Kabar baik bertiup dari Istana Negara. Pemerintah mengumumkan bahwa harga bahan bakar minyak (BBM), khususnya premium, turun dari Rp 6.000 menjadi Rp 5.500 per liter. Harga baru berlaku per 1 Desember 2008.


Dalam satu-dua bulan terakhir ini memang muncul desakan dari berbagai kalangan masyarakat agar harga BBM diturunkan. Alasannya, tentu saja karena harga minyak dunia turun drastis. Ketika premium dinaikkan pada Mei silam dari Rp 4.500 ke Rp 6.000, harga minyak dunia sekitar 130 dolar AS per barel. Kini harga 65-70 dolar. Jadi, sudah sepantasnya harga diturunkan.

Desakan yang kuat itulah yang melenturkan niat pemerintah untuk mengulur penurunan harga. Karena, seperti pernah diungkapkan oleh Wakil Presiden Jusuf Kalla beberapa waktu sebelumnya, kemungkinan harga BBM baru akan diturunkan pada tahun depan mengingat harga minyak mentah dunia masih terus berfluktuasi. Apalagi dana subsidi sebesar Rp 128 triliun pada 2008 ini sudah habis.

Tentu pengumuman ini merupakan kabar gembira. Baru kali ini ada pengumuman BBM turun. Tapi, penting dicatat bahwa penurunan ini bukan karena kebaikan hati pemerintah, melainkan karena kondisi global memungkinkan hal itu. Malaysia, misalnya, sudah menurunkan harga BBM secara gradual sejak dua bulan silam.

Penurunan harga BBM ini diharapkan dapat meningkatkan daya beli masyarakat, memangkas biaya transportasi, mengurangi biaya produksi bagi usaha kecil yang menggunakan premium. Bahkan, juga meringankan beban usaha-usaha pinggiran seperti tukang ojek atau sopir bajaj yang banyak membutuhkan premium dalam menjalankan usahanya.

Sayangnya, penurunan hanya terjadi pada premium. Semestinya BBM lain yang banyak digunakan masyarakat seperti solar dan minyak tanah juga diturunkan. Barangkali, kalau minyak tanah harganya memang sudah sangat rendah, tetapi solar masih bisa diturunkan.

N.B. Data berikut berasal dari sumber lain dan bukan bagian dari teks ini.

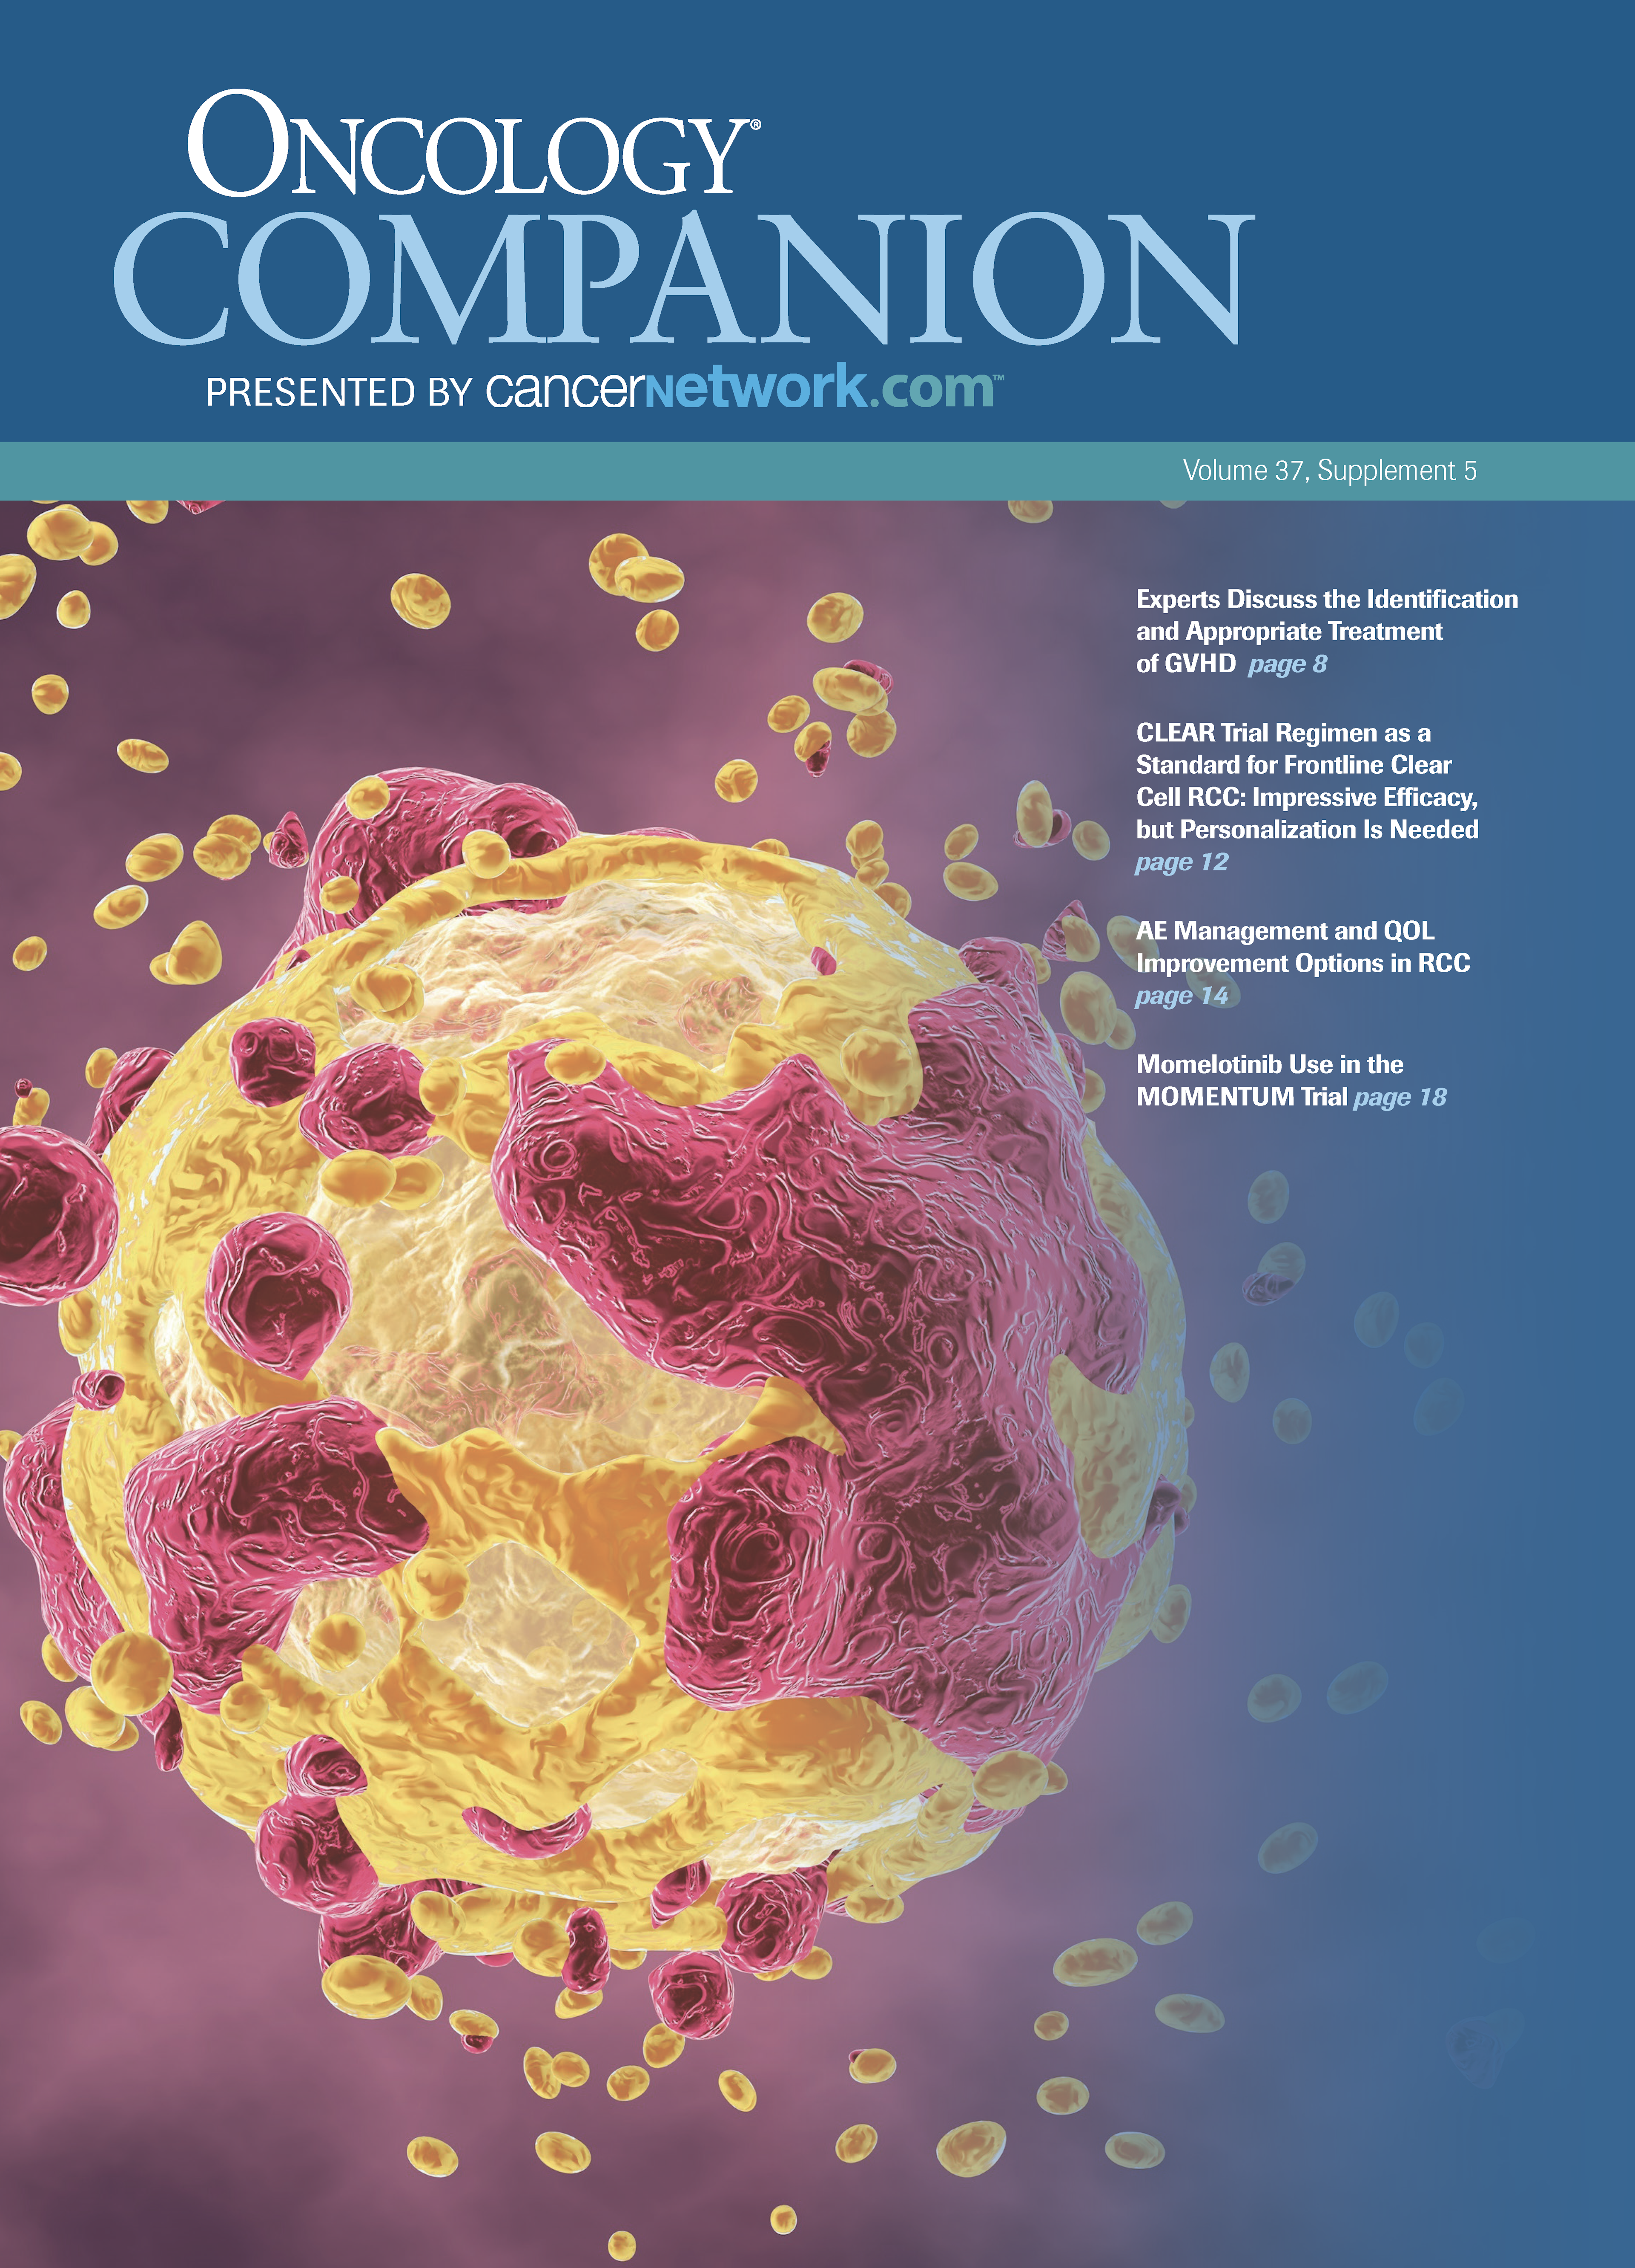 ONCOLOGY® Companion, Volume 37, Supplement 5

Apalagi banyak kendaraan umum dan nelayan banyak memakai solar sebagai bahan bakar.

Dari sisi politis, penurunan harga BBM ini tentu saja akan menaikkan citra pemerintah, khususnya Presiden Susilo Bambang Yudhoyono (SBY). Di tengah persaingan memperebutkan simpati masyarakat menjelang pemilu tahun depan, penurunan ini menjadi bekal yang baik bagi SBY untuk kembali bertarung. Apalagi, sebelumnya, citra SBY sudah terkerek ketika besannya, Aulia Pohan, dijadikan tersangka.

Tapi, penurunan ini jika tidak dikelola dengan baik bisa menjadi bumerang bagi pemerintah. Karena, secara logika, dengan penurunan harga premium maka masyarakat cenderung boros menggunakan bahan bakar. Jika itu terjadi, maka predikat sebagai negara pengimpor minyak akan terus kita sandang. Itu berarti devisa yang terbang untuk kepentingan pemenuhan kebutuhan BBM akan makin tinggi.

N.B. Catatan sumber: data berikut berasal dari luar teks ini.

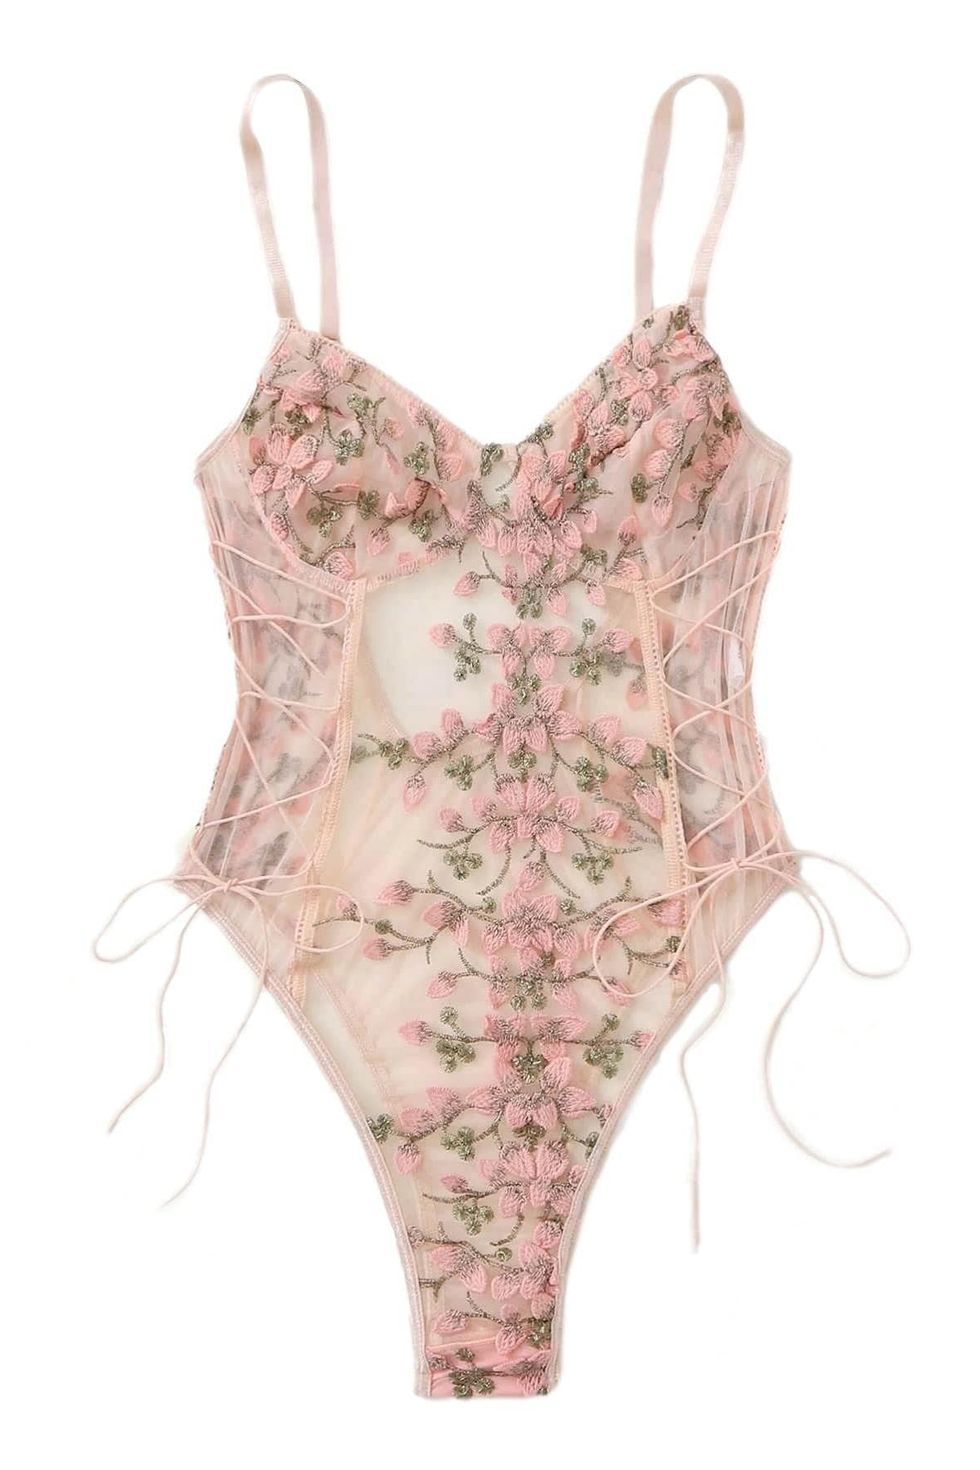 Lilosy Lace Up Floral Embroidered Lingerie Bodysuit

Oleh sebab itu, bersamaan dengan penurunan harga premium ini perlu dipikirkan pula bagaimana mengurangi pemakaian bahan bakar. Program biofuel yang pernah dicanangkan pemerintah semestinya digairahkan lagi. Kemudian, jumlah kendaraan harus mulai dibatasi dengan konsekuensi menyediakan angkutan umum massal yang memadai.

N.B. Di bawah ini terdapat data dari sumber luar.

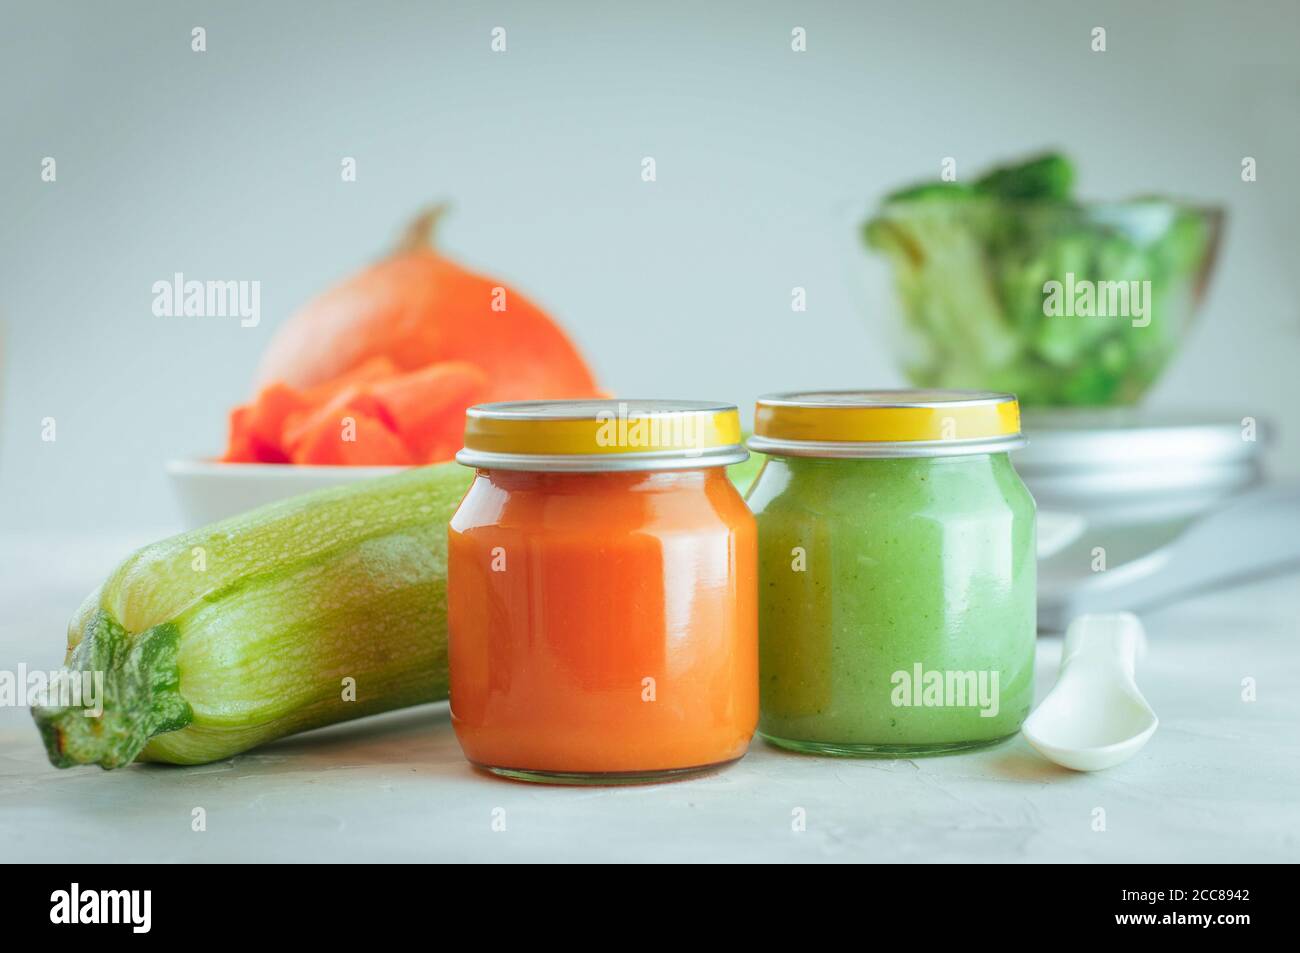 Download Baby Food Jars High Resolution Stock Photography And Images Alamy PSD Mockup Templates

Penurunan harga premium ini patut kita syukuri karena akan mengurangi beban kehidupan, terutama masyarakat kecil. Tapi, tetap juga harus dipikirkan bagaimana caranya agar tingkat pemakaian BBM tidak melaju dengan cepat. Karena, jika itu terjadi, negara ini juga yang akan menanggung kerugian.